Radiomics analyses perform a quantitative characterisation of medical images to derive image biomarkers, employing machine learning algorithms for diagnosis or the prognosis of treatment outcome16. The relationship between radiomics features and underlying biological mechanisms are not well understood17. Radiogenomics (imaging genomics) has emerged as a field whose objective is the association of genomics and molecular alterations within a tumour with quantitative features derived from a radiomics analysis and their integration. For HNSCC, CT texture features have been related to cell-cycle mutations18 and classification models for five sites of methylation as well as NSD1 mutation have been developed using CT-based radiomics19.

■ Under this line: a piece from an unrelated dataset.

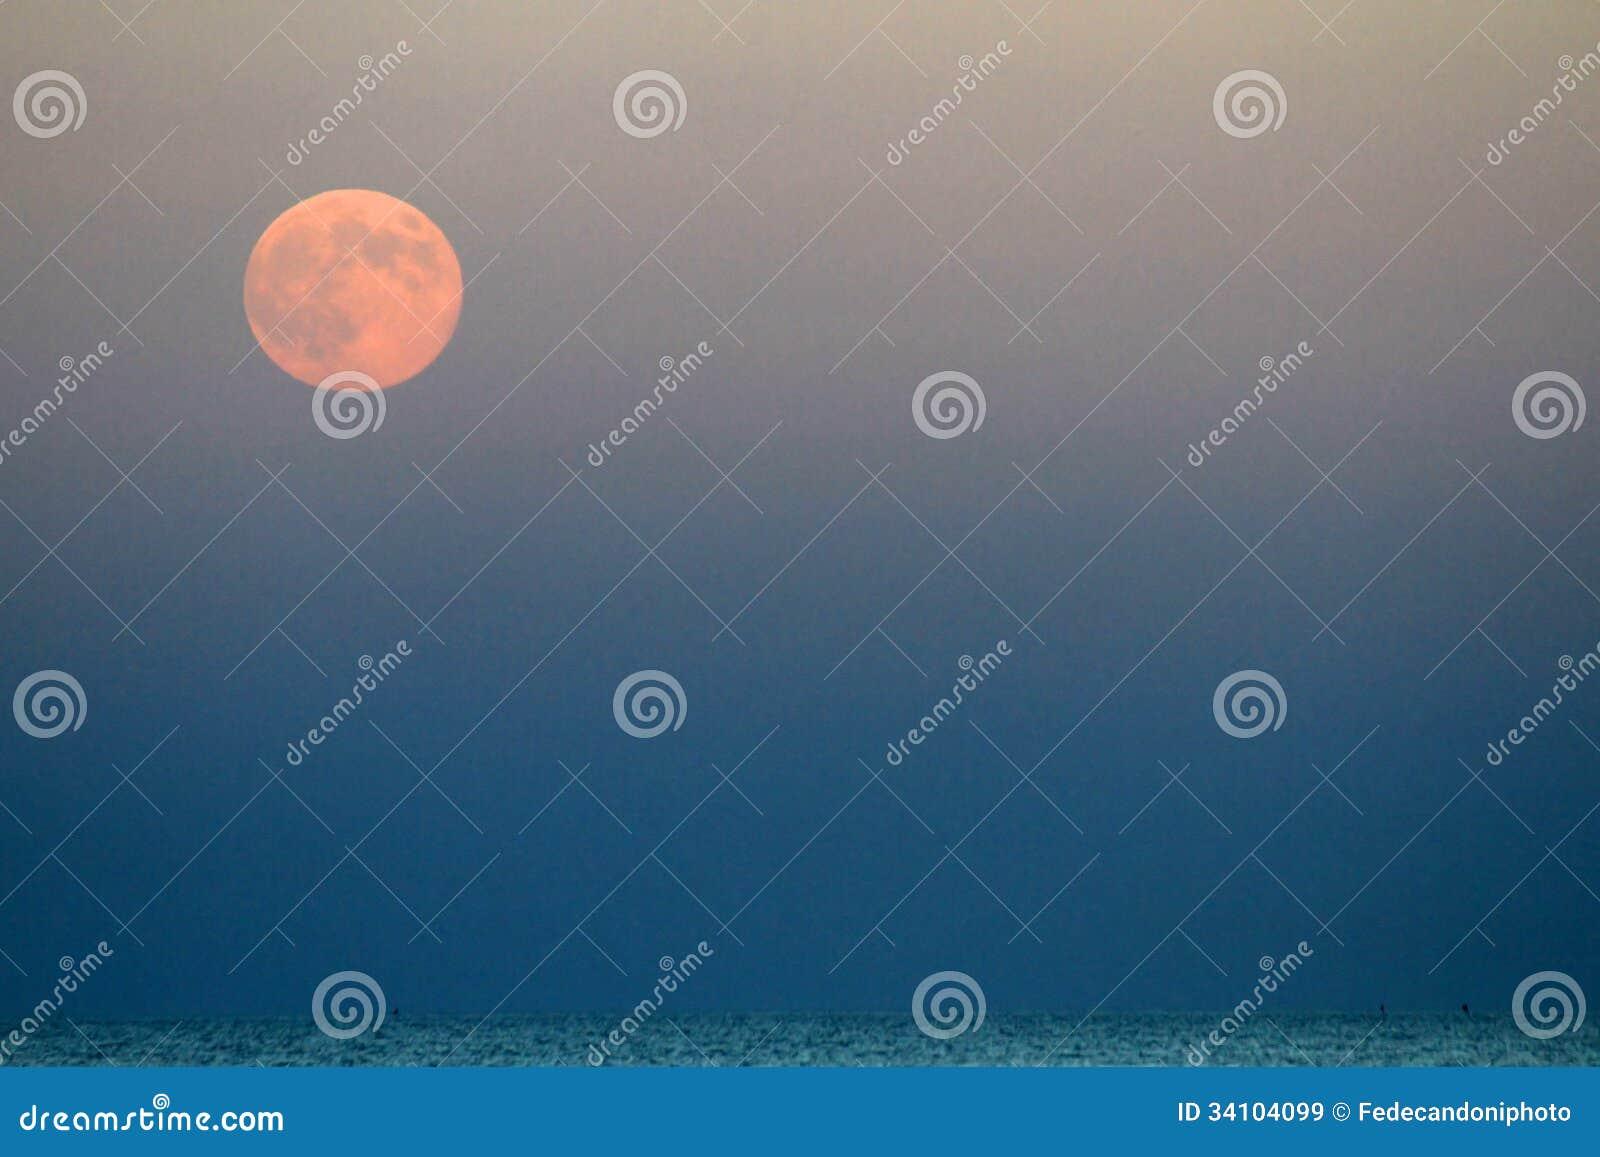 red moon blue sea - photo #29

Here, we further explored the link between macroscopic radiomics features and the underlying tumour biology by analysing a well characterised multicentre cohort of patients with locally advanced HNSCC treated with primary radiochemotherapy (RCTx). Based on paired whole-transcriptome microarray and CT imaging data, we assessed (1) if radiomic features could represent the four molecular HNSCC subtypes, (2) if radiomics features could predict gene-based classifiers related to different biological tumour characteristics such as hypoxia, immune processes, epithelial–mesenchymal transition, and radiosensitivity, and (3) if the prognostic value of CT-based radiomics and whole-transcriptome data could be enhanced by their integration.

Results

Whole-transcriptome and pre-treatment CT data were obtained from a retrospective, multicentric cohort of 206 patients presenting with histopathologically confirmed, locally advanced HNSCC who were treated with primary RCTx. This cohort was split into a discovery cohort (n = 122) and a validation cohort (n = 84) to assess if radiomics can (1) identify the four molecular subtypes, (2) predict biological processes represented by different gene signatures, and (3) be integrated with full-transcriptome data for an improved prediction of LRC. Figure 1 presents the design of our study.

Figure 1
figure 1

Overview of the study design. Pre-treatment CT and transcriptome data from patients with HNSCC are first pre-processed to obtain stable and filtered radiomics features and normalised gene expressions. For molecular subtype classification, molecular subtypes are assigned based on centroid data. Then radiomics features are selected through a machine learning pipeline to train OVA models for each subtype. For gene signature surrogates, binary cluster assignment is performed based on a k-means algorithm. Radiomics models are then trained to classify the gene signatures. For signature combination, a radiomics signature is developed and relevant metagenes are derived using GSVA. The identified features are combined to predict LRC. Subsequently, all models are independently validated.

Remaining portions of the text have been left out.